* **DATASET EXTRACT**:
· · ·

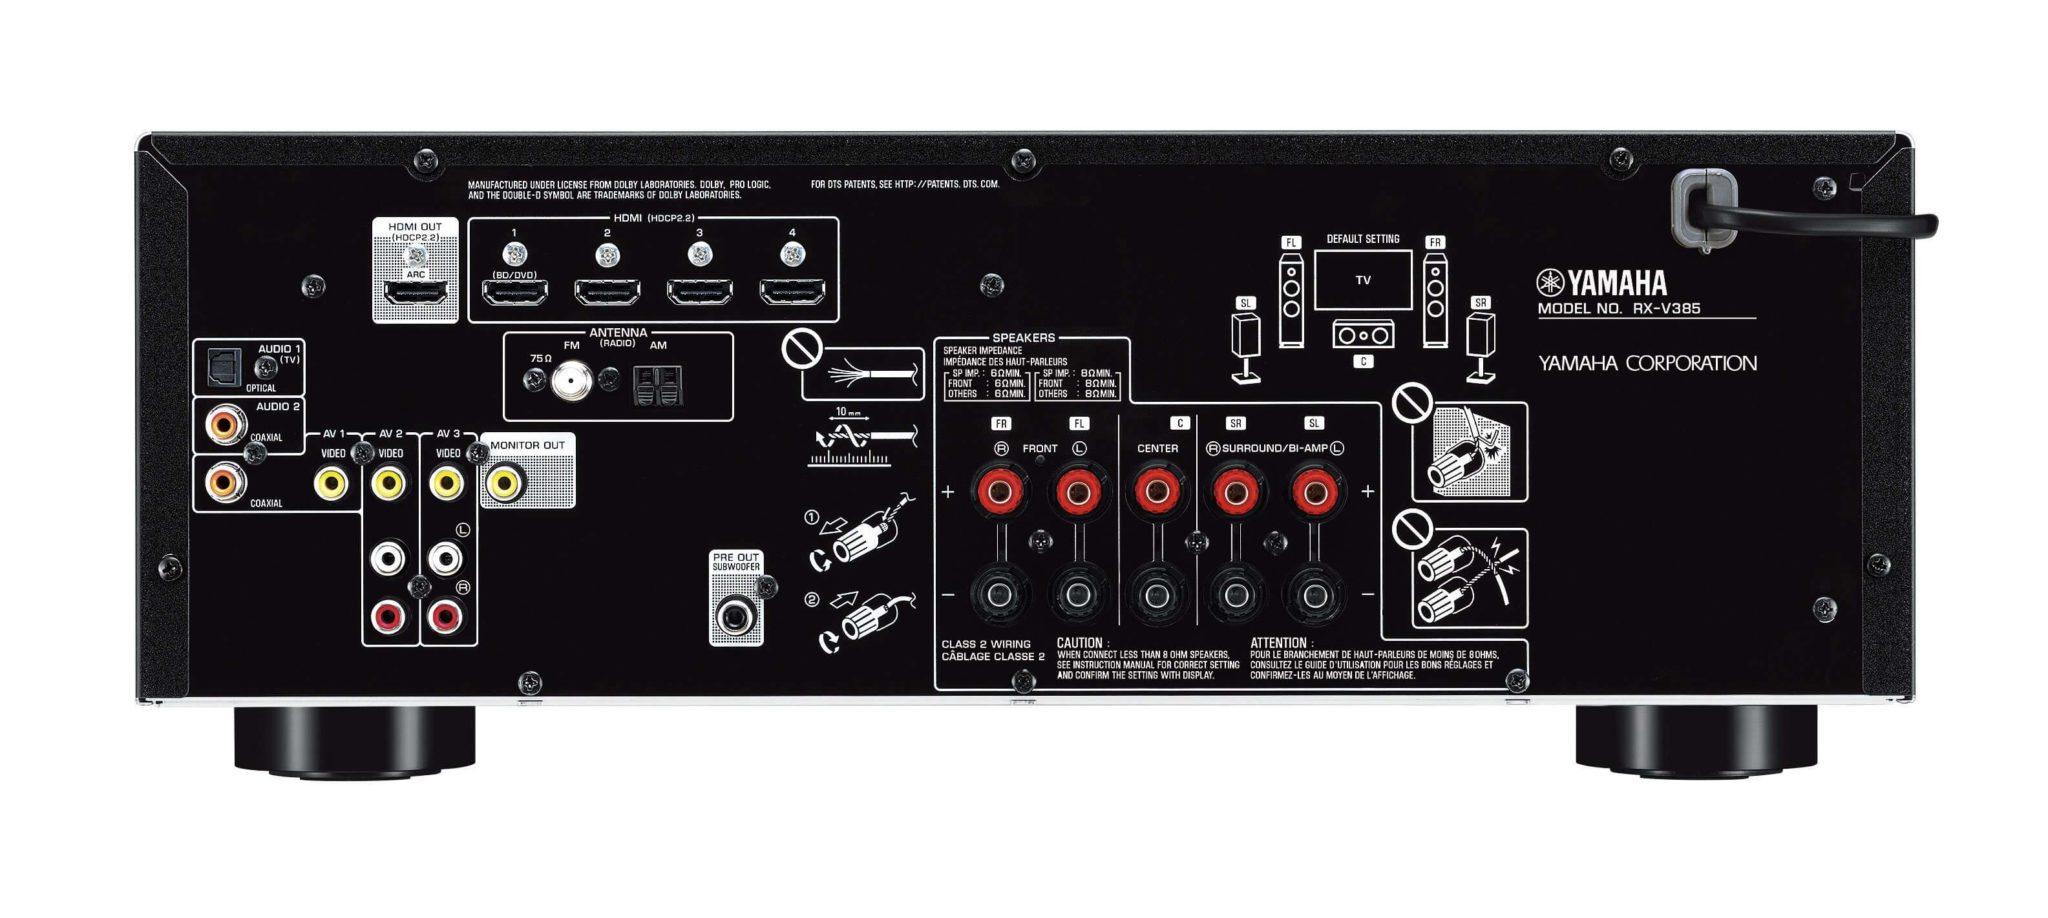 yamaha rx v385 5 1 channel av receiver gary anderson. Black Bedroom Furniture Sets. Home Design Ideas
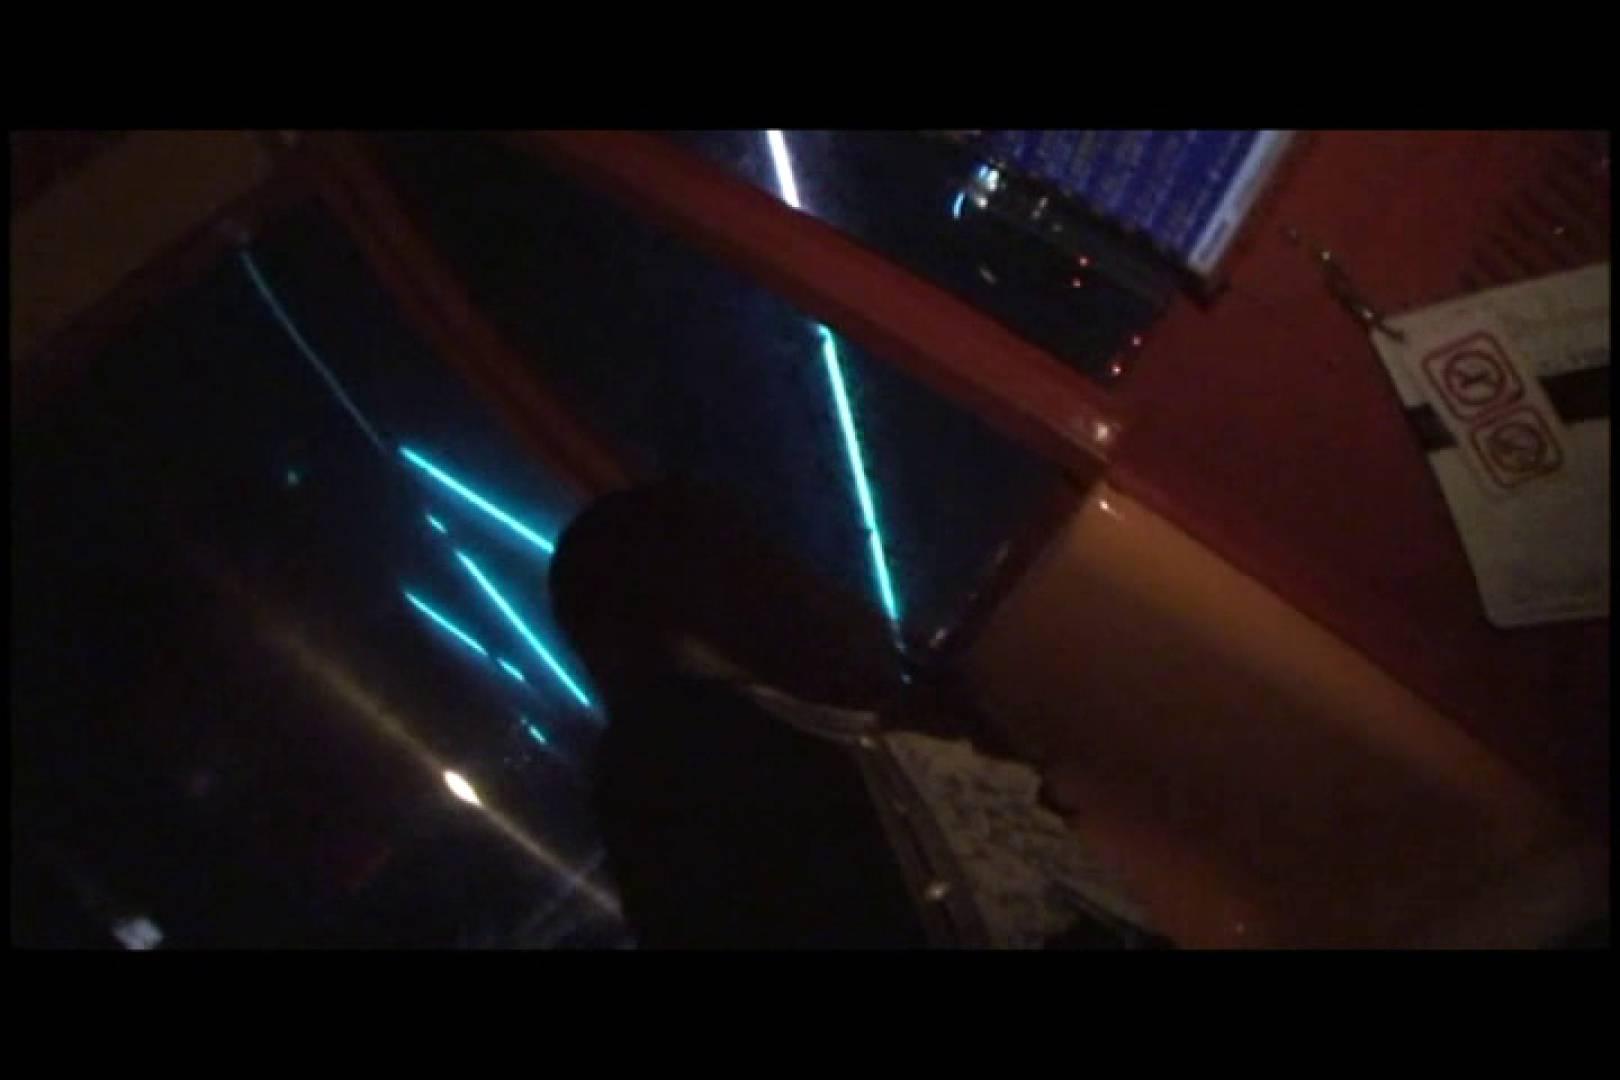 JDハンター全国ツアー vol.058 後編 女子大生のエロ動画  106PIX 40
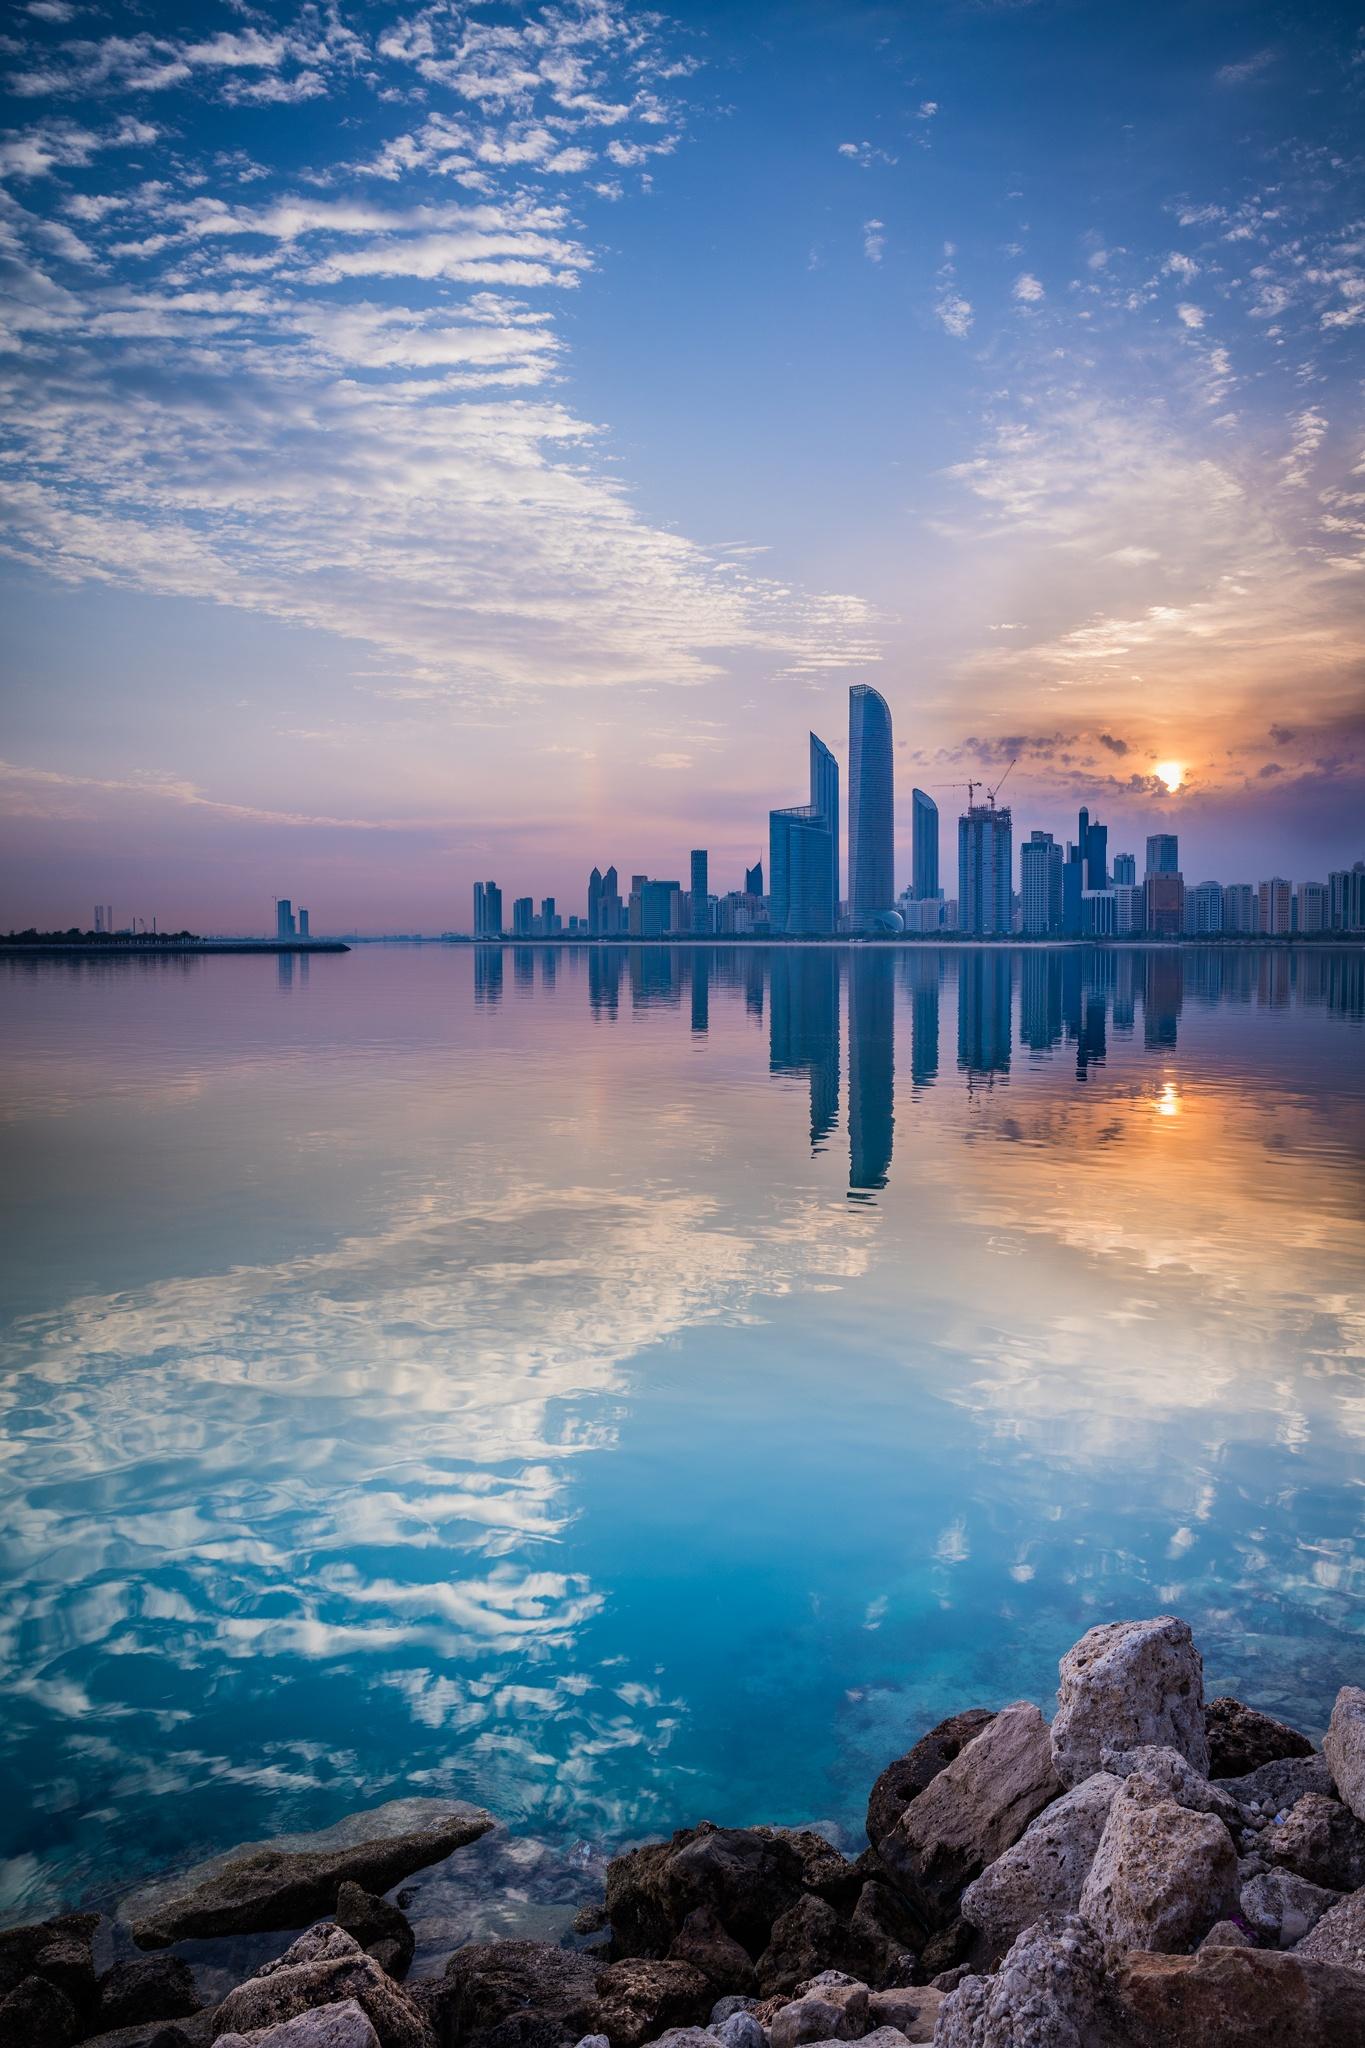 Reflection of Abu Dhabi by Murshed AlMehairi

· · ·

* **BRIEF**: Pictures stay out; the data above is to be returned exactly.

* **WRITTEN ANSWER**:
 yamaha rx v385 5 1 channel av receiver gary anderson. Black Bedroom Furniture Sets. Home Design Ideas
 JDハンター全国ツアー vol.058 後編 女子大生のエロ動画  106PIX 40
 Reflection of Abu Dhabi by Murshed AlMehairi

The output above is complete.